Эндрю Гэваллан был уверен, что звонят ему. Его жена, Кэтрин, сестра Данросса, лежала в больнице и ждала результатов изнурительных исследований: вот уже несколько недель она неизвестно почему плохо себя чувствовала. «Господи боже, — думал Эндрю, ежась под взглядами остальных. — Возьми себя в руки».
— Вэййй? — Послушав, Лим повернулся и протянул трубку: — Вас, тайбань.
Остальные с облегчением выдохнули и устремили взоры на Данросса. Он шёл к телефону чеканным шагом.

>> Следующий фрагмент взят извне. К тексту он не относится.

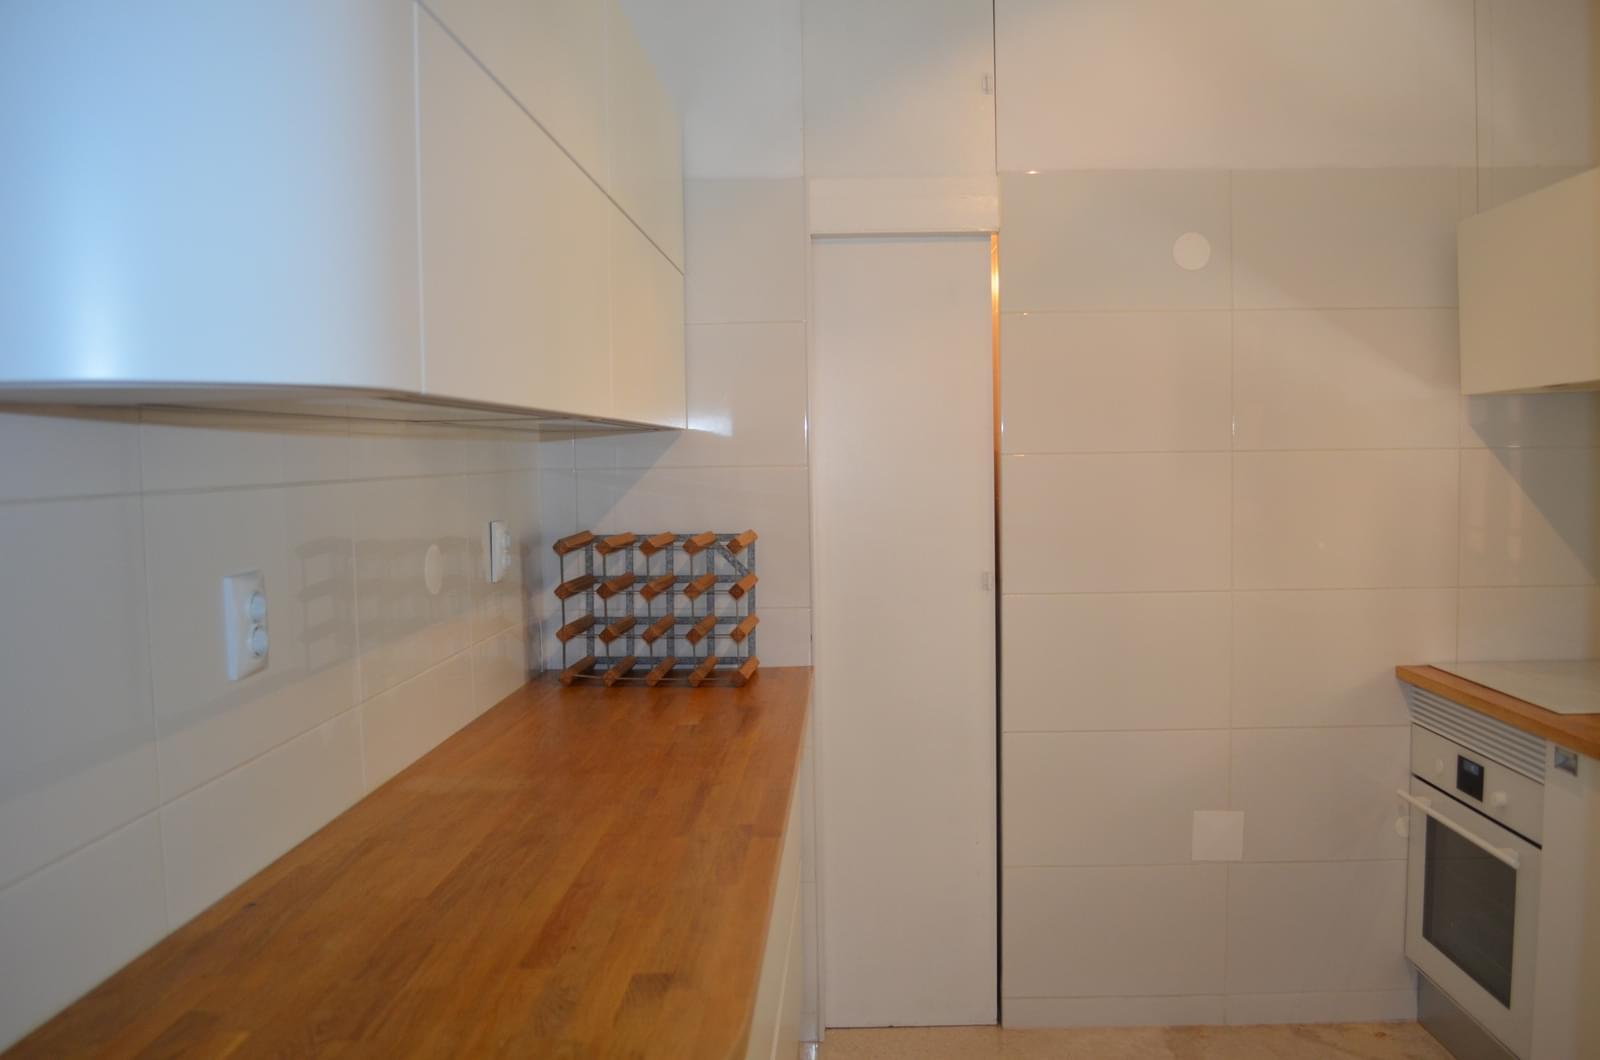 pf17565-apartamento-t3-lisboa-f9366b35-13e1-49c1-8617-01e94719d205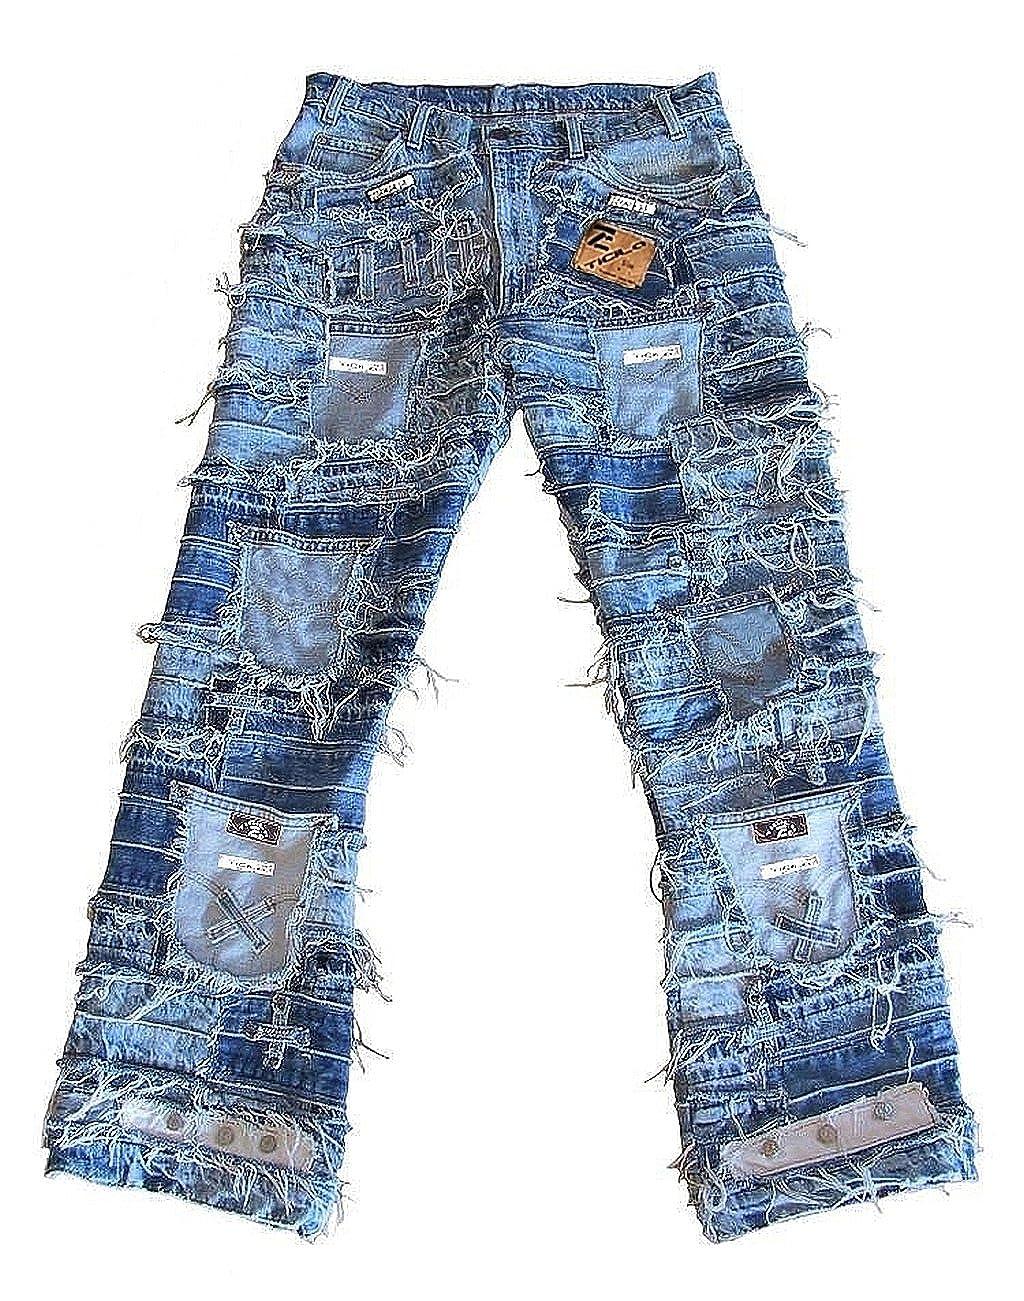 TICILA - - Jeans - Uomo 0215ad - amarjityoga.com 45bf063c2cf

— Алло?.. О черт... Что?.. Нет... нет, сейчас же буду... Нет, ничего не предпринимайте. Я сейчас буду. — В мертвой тишине он положил трубку, и все видели, что он в шоке. Помолчав, он проговорил: — Эндрю, скажи Клаудии, чтобы перенесла собрания советов директоров, назначенные на вторую половину дня. Вы с Жаком и Кейси продолжайте. Это звонил Филлип. Боюсь, беднягу Джона Чэня похитили. — И он покинул зал.
8
14:35
Выйдя из машины, Данросс торопливо шагнул в открытую дверь просторного особняка в китайском стиле, расположенного на гребне холма под названием Струанз-Лукаут — Подзорная Труба Струана. Холеный слуга закрыл за ним дверь, и он прошел в безвкусно обставленную викторианскую гостиную. Она была забита безделушками и разномастной мебелью.
— Привет, Филлип. Мои соболезнования. Бедняга Джон! Где письмо?
— Вот. — Вставая, Филлип взял письмо с дивана. — Но сначала посмотри на это. — Он указал на мятую картонную коробку из-под обуви, стоявшую на мраморном столике возле камина.